The biggest irony about Olsen's display of homophobia is that Robert Reed, who played Olsen's father Mike Brady on The Brady Bunch, was a gay man who was HIV positive at the time of his death in 1992 from a rare form of colorectal cancer.
That previous homophobic incident was cited as the main reason why CBS had nixed another revival of The Brady Bunch, especially with her participation in it. When her agent suggested that there could be a way to circumvent CBS so that she could still take part in that revival she said that she was done, that revival was going to become a “woke” Brady Bunch, and she wanted no part of it.
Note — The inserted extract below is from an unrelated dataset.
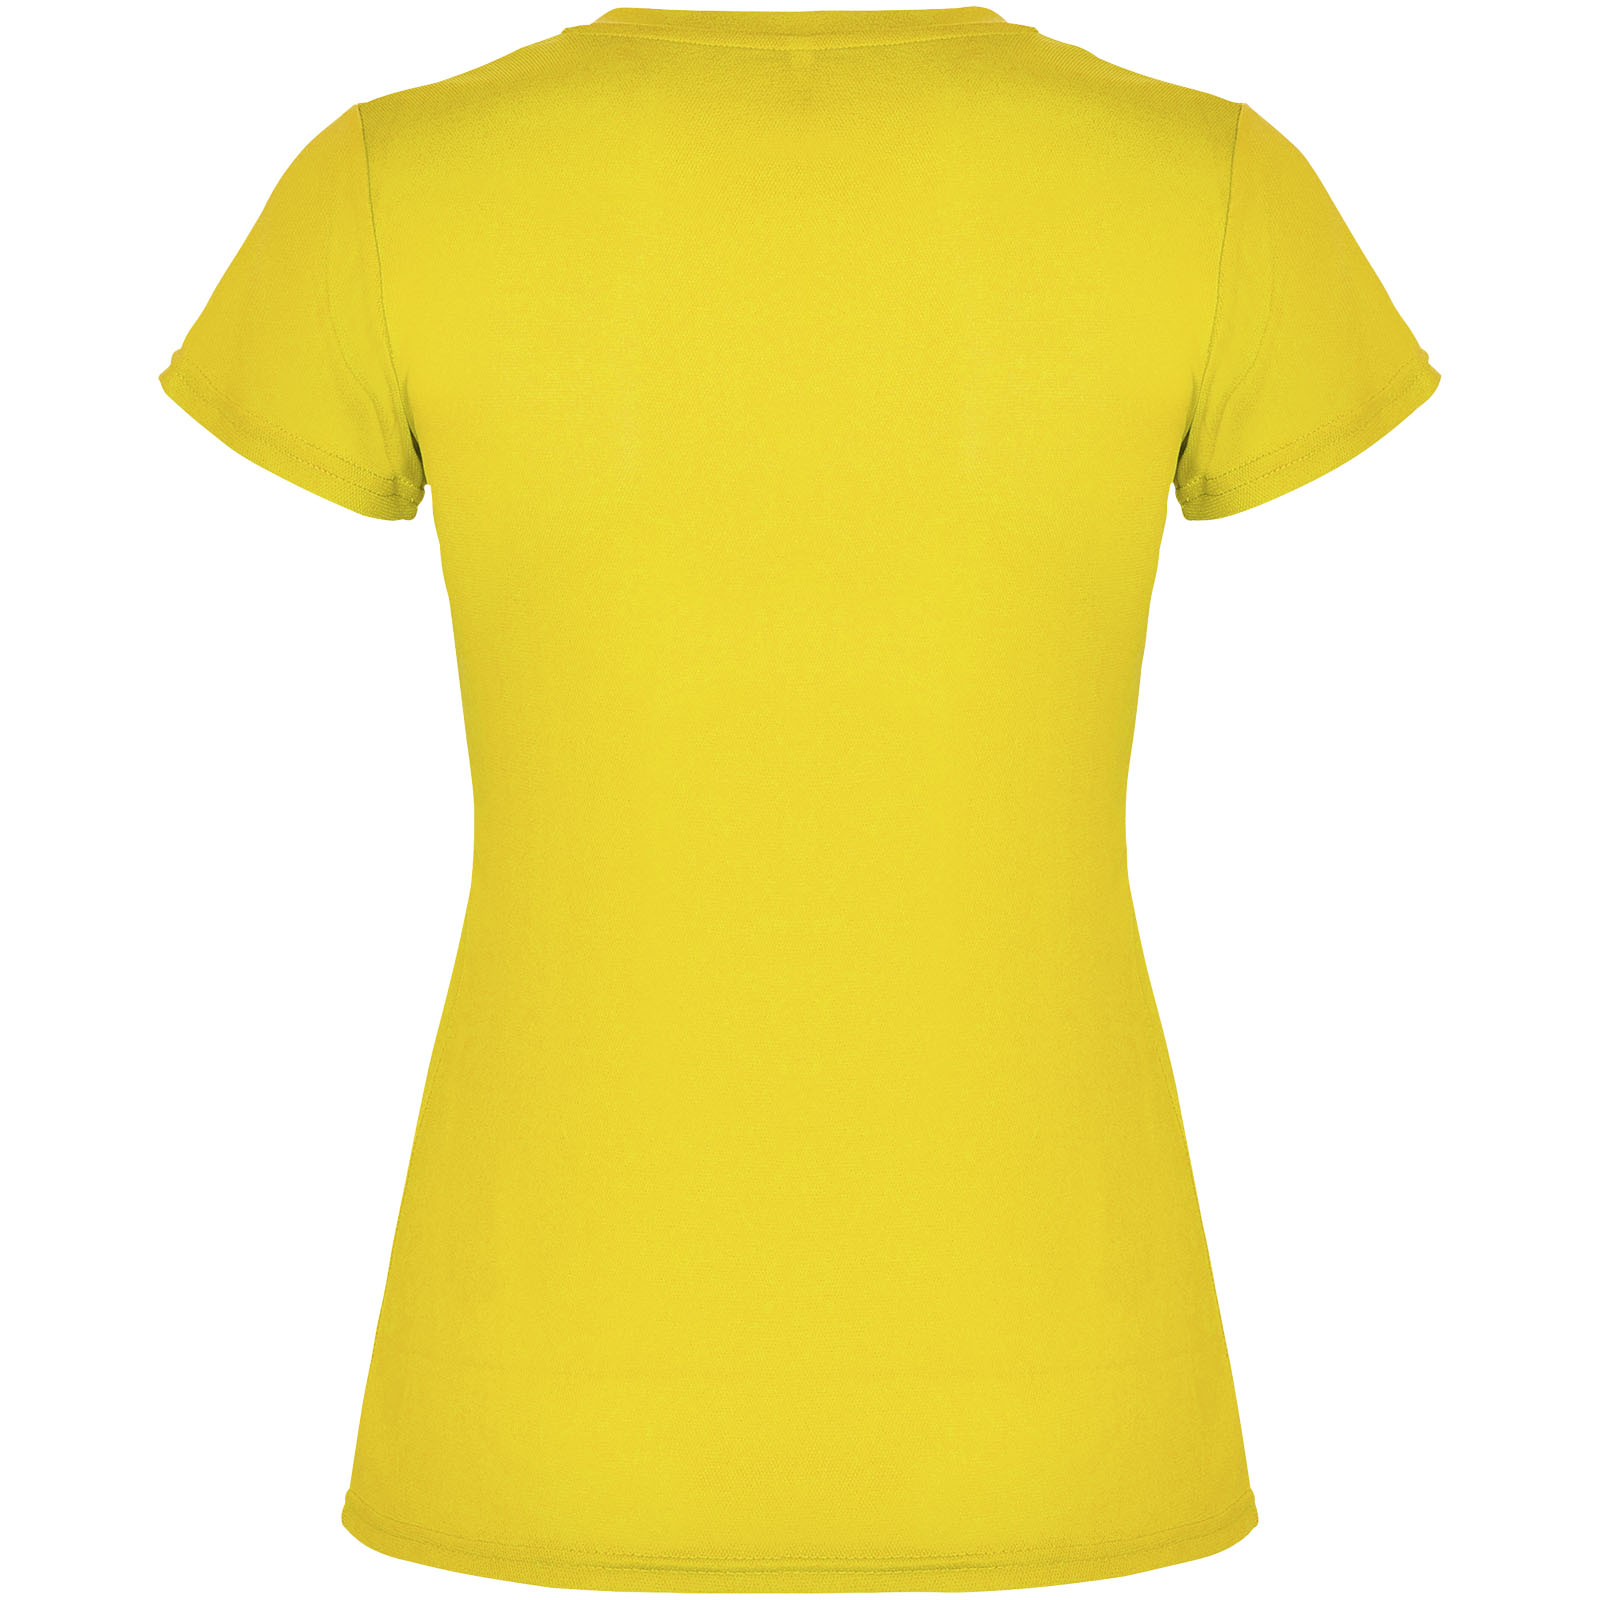 Advertising T-shirts - Montecarlo short sleeve women's sports t-shirt - 1

An unnamed source close to the project said that the issue with casting Olsen was not due to her support for Trump, but rather her “controversial comments and hate speech, which she has noted she still stands by.”
Here's the thing. It sounds like CBS was more concerned about her previous homophobic statements than her professed support of Donald Trump. She may complain that she's being politically persecuted by being denied acting jobs due to her politics but when you consider the fact that politically conservative actors like Bruce Willis, Arnold Schwarzenegger, and Tom Selleck were able to find work in Hollywood despite their political beliefs, the issue isn't the actor's personal political beliefs or which politician that actor supports in an upcoming election. The issue is openly showing hateful conduct towards someone else from a traditionally marginalized group without ever issuing any kind of a public apology for using homophobic or other types of prejudicial slurs. That's the kind of behavior that generally tends to alienate or completely turn off an actor's fans. It's possible that CBS didn't want to deal with Susan Olsen because had this revival with her participation become a reality, it would've been subjected to heated controversy including public protests and boycotts by the LGBTQ community.
And then there's the completely apolitical issue of whether there is really a major demand for yet another Brady Bunch revival. Each previous revival ended up being short-lived. The last such revival was in 1990 and that one only lasted one month. Three of the actors who played the parents Mike and Carol Brady and Alice the housekeeper are now deceased. The oldest living cast member, Barry Williams (who played Greg Brady), is now 70. Olsen herself is the youngest at 63. Would The Brady Bunch fans really want to see a new show about the Brady kids as senior citizens dealing with their adult children and grandchildren when that same audience had rejected previous shows about the Brady kids as young adults dealing with being newlyweds and thirtysomething adults dealing with jobs and raising families of their own?
And who on earth wants to see Cindy Brady as a libertarian podcaster? Or Greg and Jan having heated political debates at Brady family gatherings as a Reagan Republican and a liberal? I remember the original series was completely apolitical and the plots tended to be light-hearted. I don't recall the plots ever getting any more serious than dealing with the neighborhood bully or auditioning for the local talent show competition. Hearing Cindy Brady spewing right-wing libertarian talking points would be a pretty jarring experience.
As far as I can tell, based on the previous Brady Bunch revivals that flopped, most Brady Bunch fans prefer to watch reruns of the original sitcom when the Brady kids were all children growing up under the watchful eyes of parents Mike and Carol Brady and Alice the housekeeper.
This is another reason why I prefer The Partridge Family. That show was only aired for four years and that was it, other than those original episodes being released into syndicated reruns. No reunions, no sequels, no revivals, no updates on what the Patridges are doing now. They only did one series and they were completely done when it ended. Besides it would be hard to do a Patridge Family reunion now since Dave Madden, David Cassidy, and Suzanne Crough are all deceased.